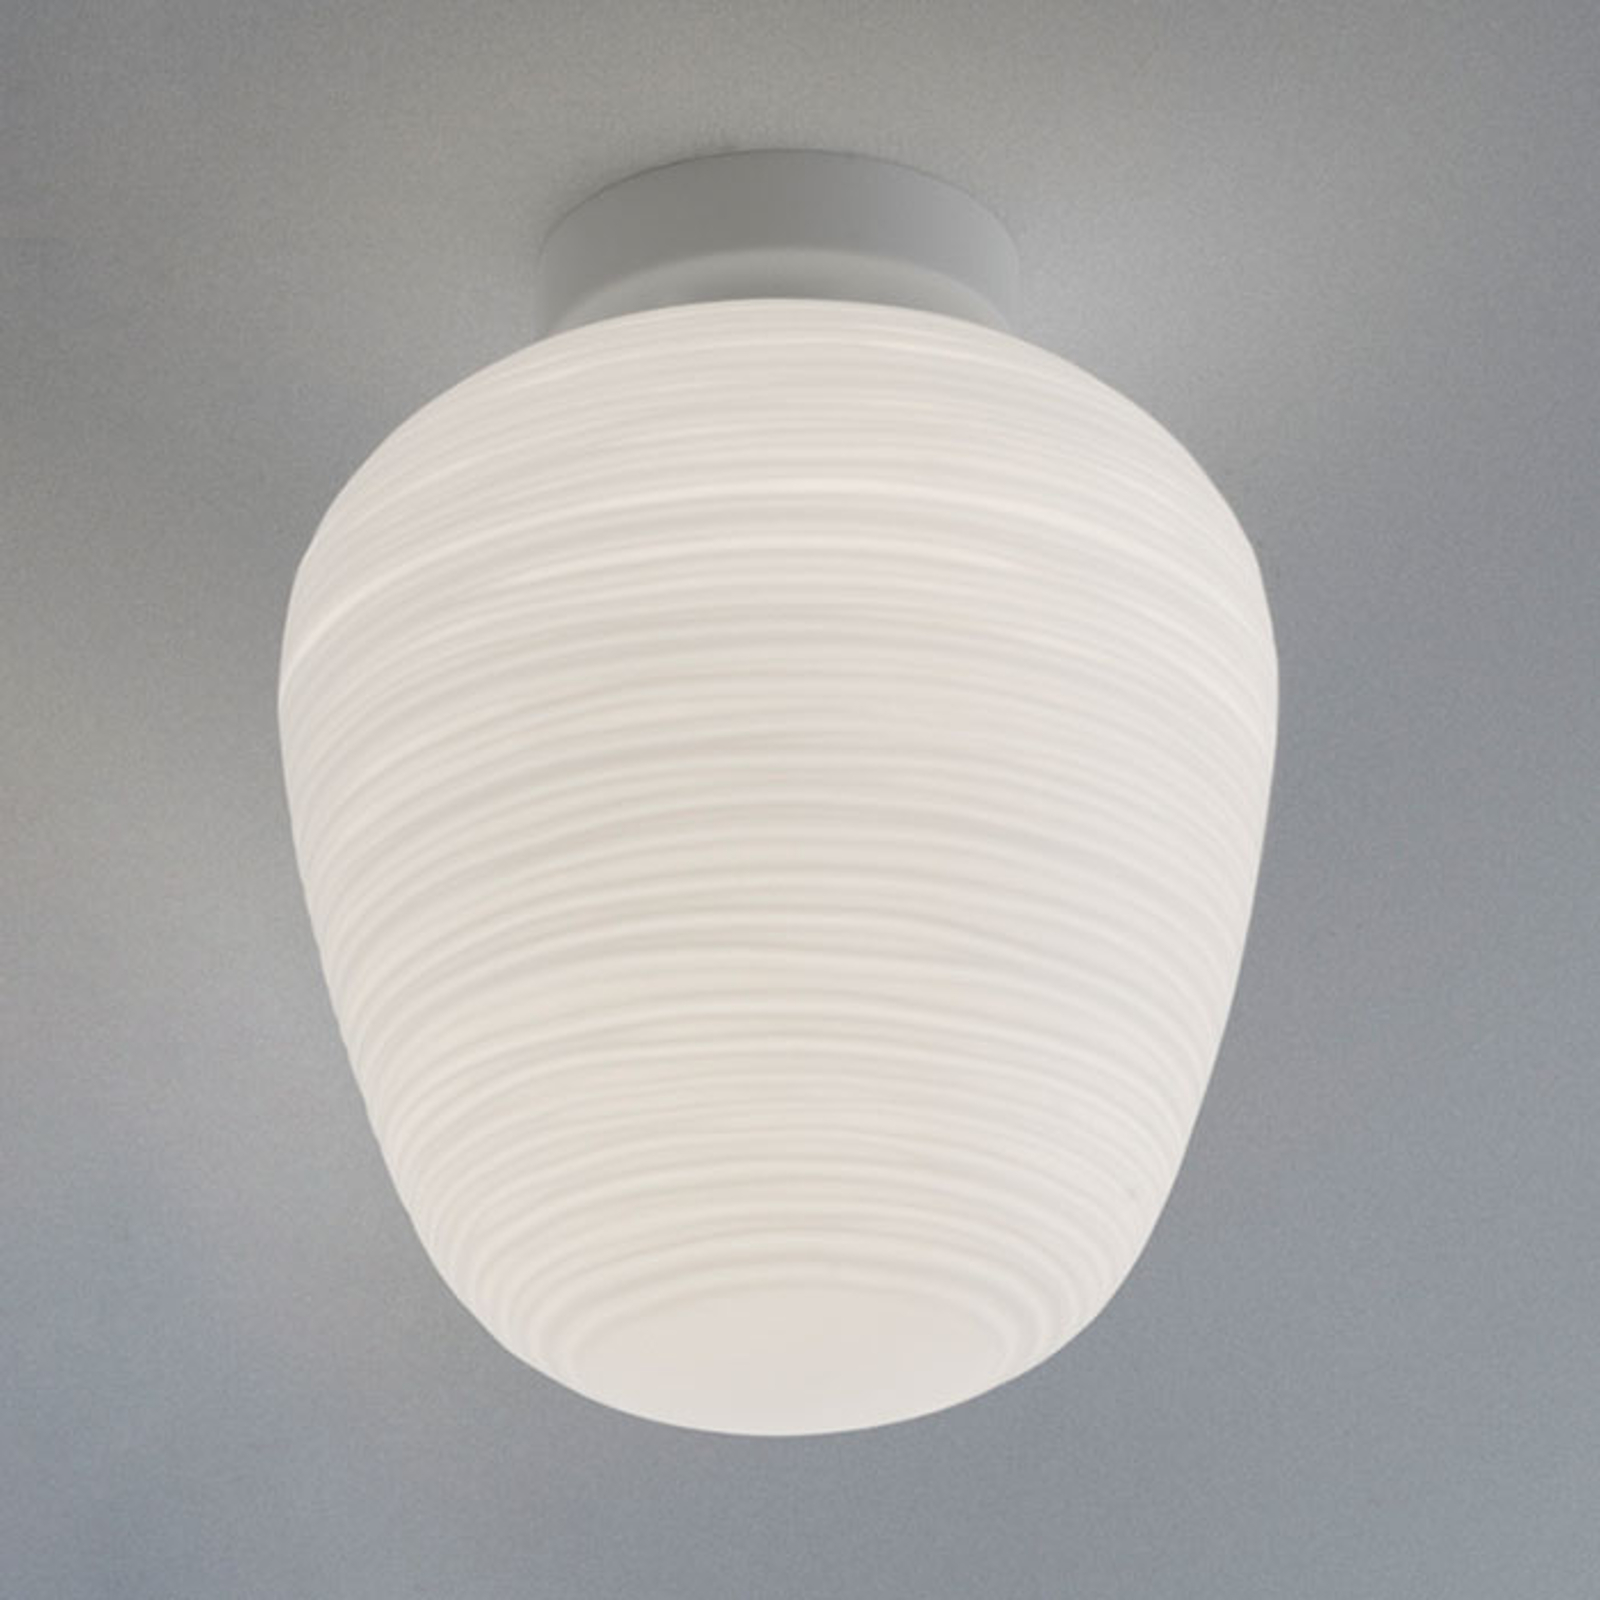 Foscarini Rituals 3 glasstaklampe
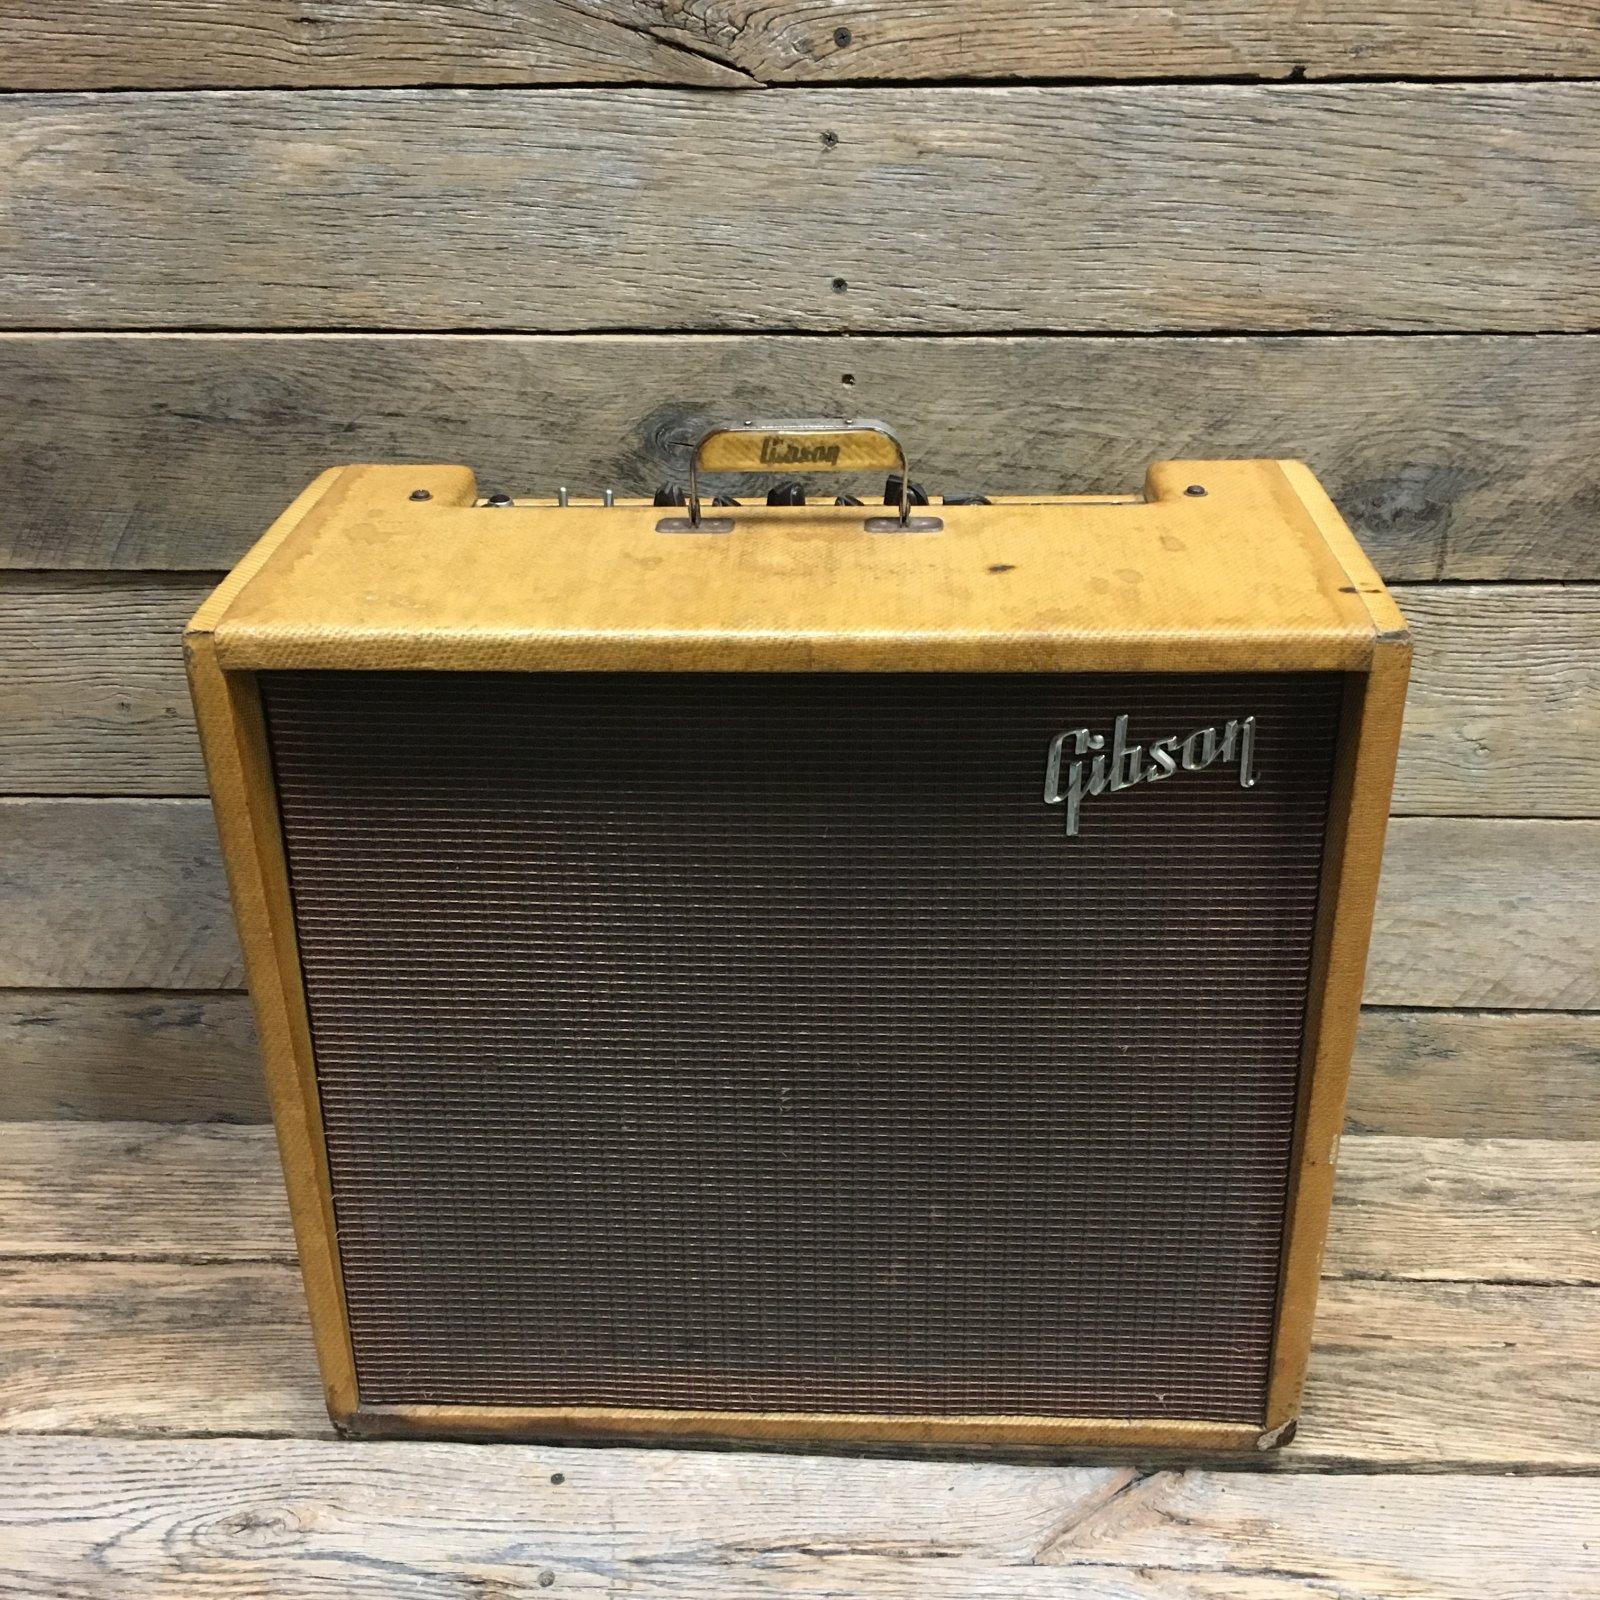 Used Gibson 1960 GA77 Vanguard
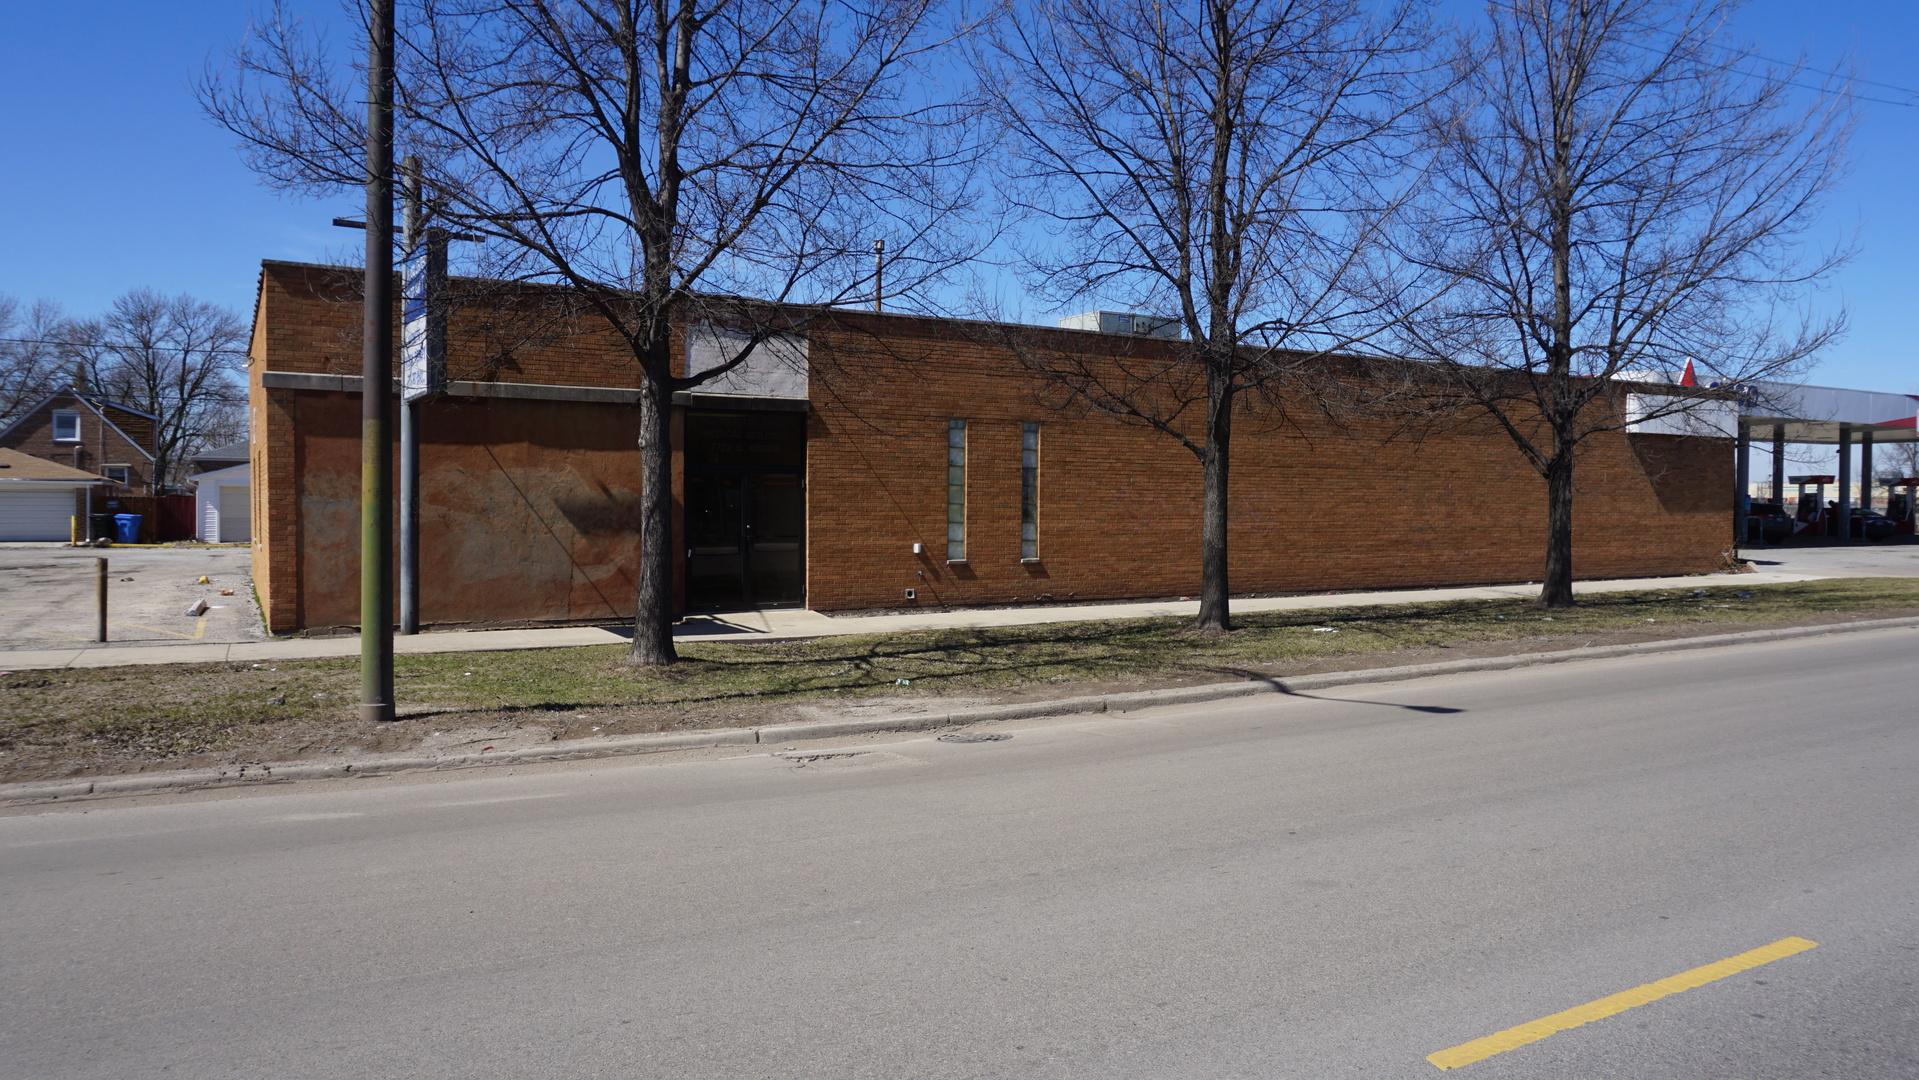 7722 Kedzie ,Chicago, Illinois 60652
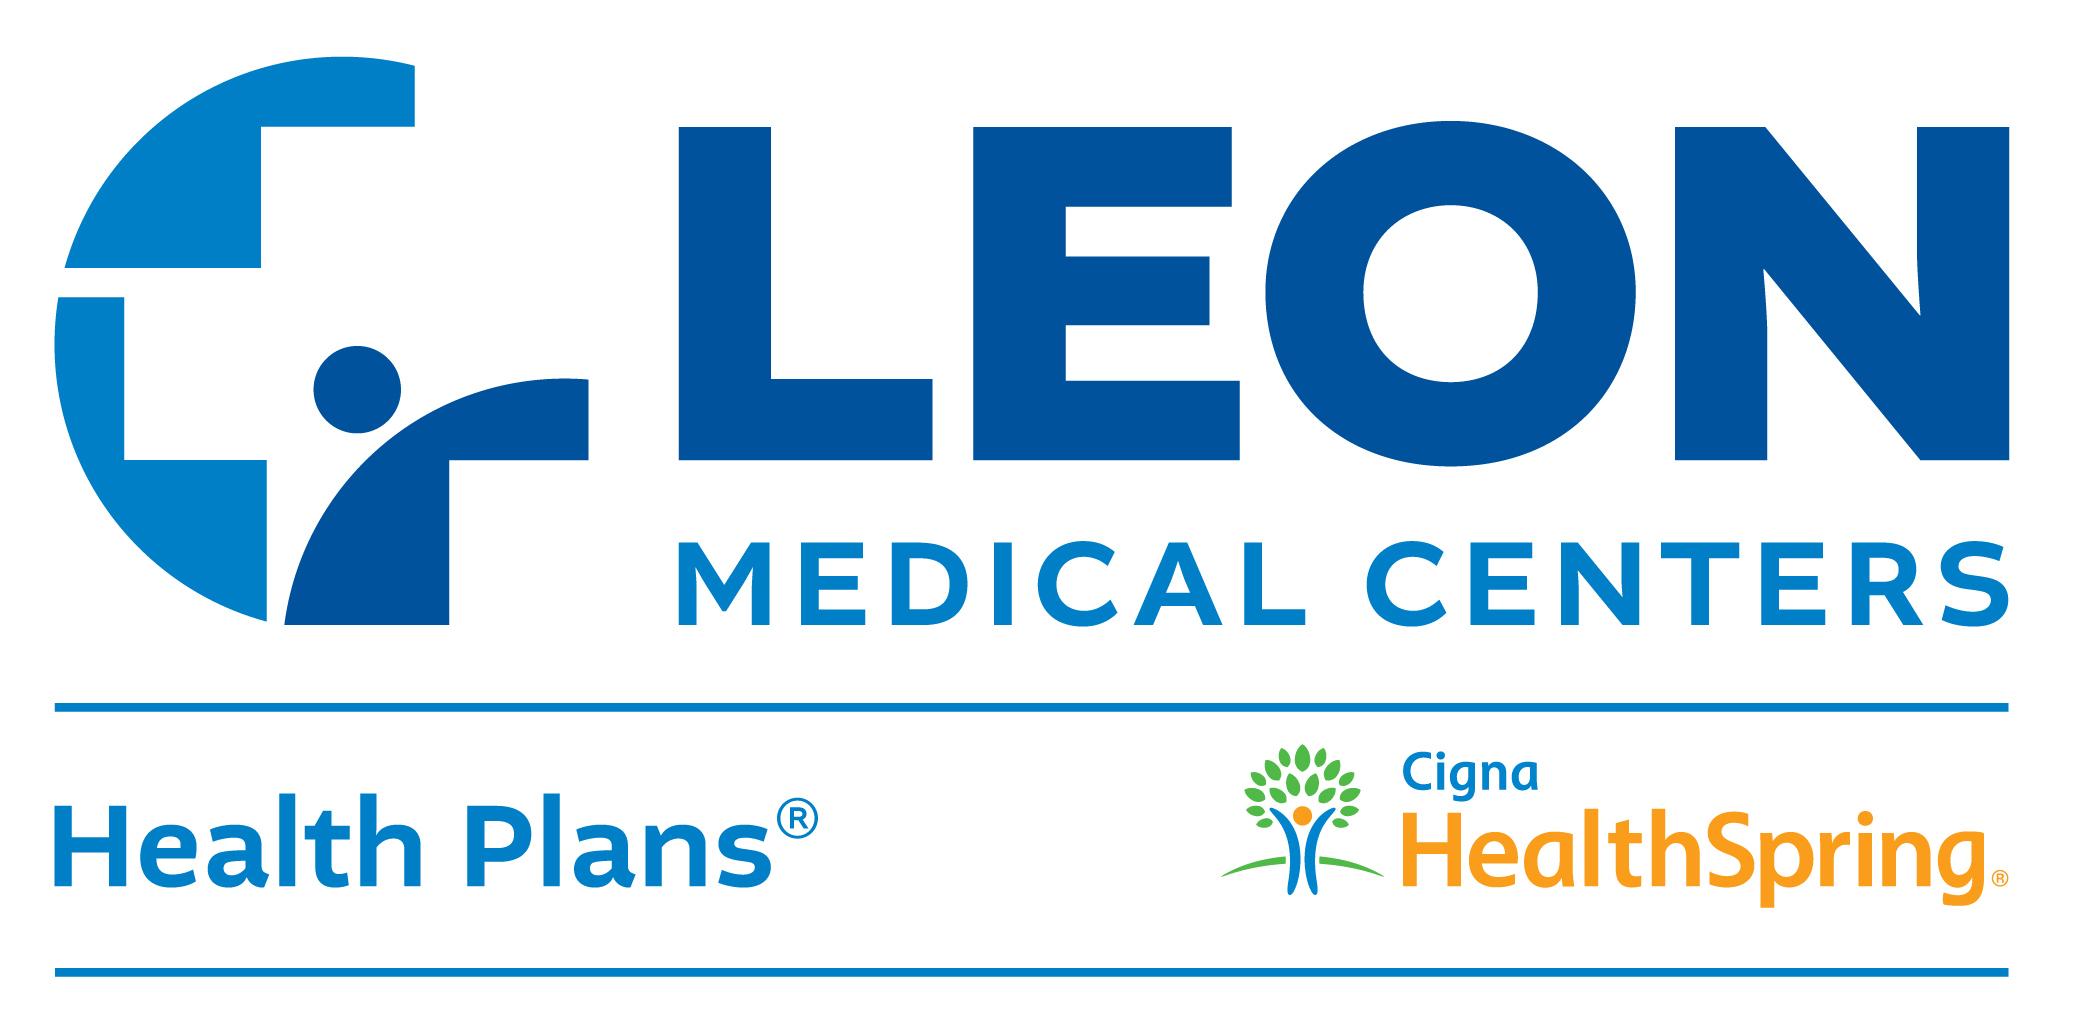 Baptist Health South Florida and Leon Medical Centers/Leon

########################################

■ INSTRUCTIONS FOR THE TASK
Write out the material above once more, word for word. Images stay out.

■ TASK RESULT
 Foscarini Rituals 3 glasstaklampe
 Used Gibson 1960 GA77 Vanguard
 7722 Kedzie ,Chicago, Illinois 60652
 Baptist Health South Florida and Leon Medical Centers/Leon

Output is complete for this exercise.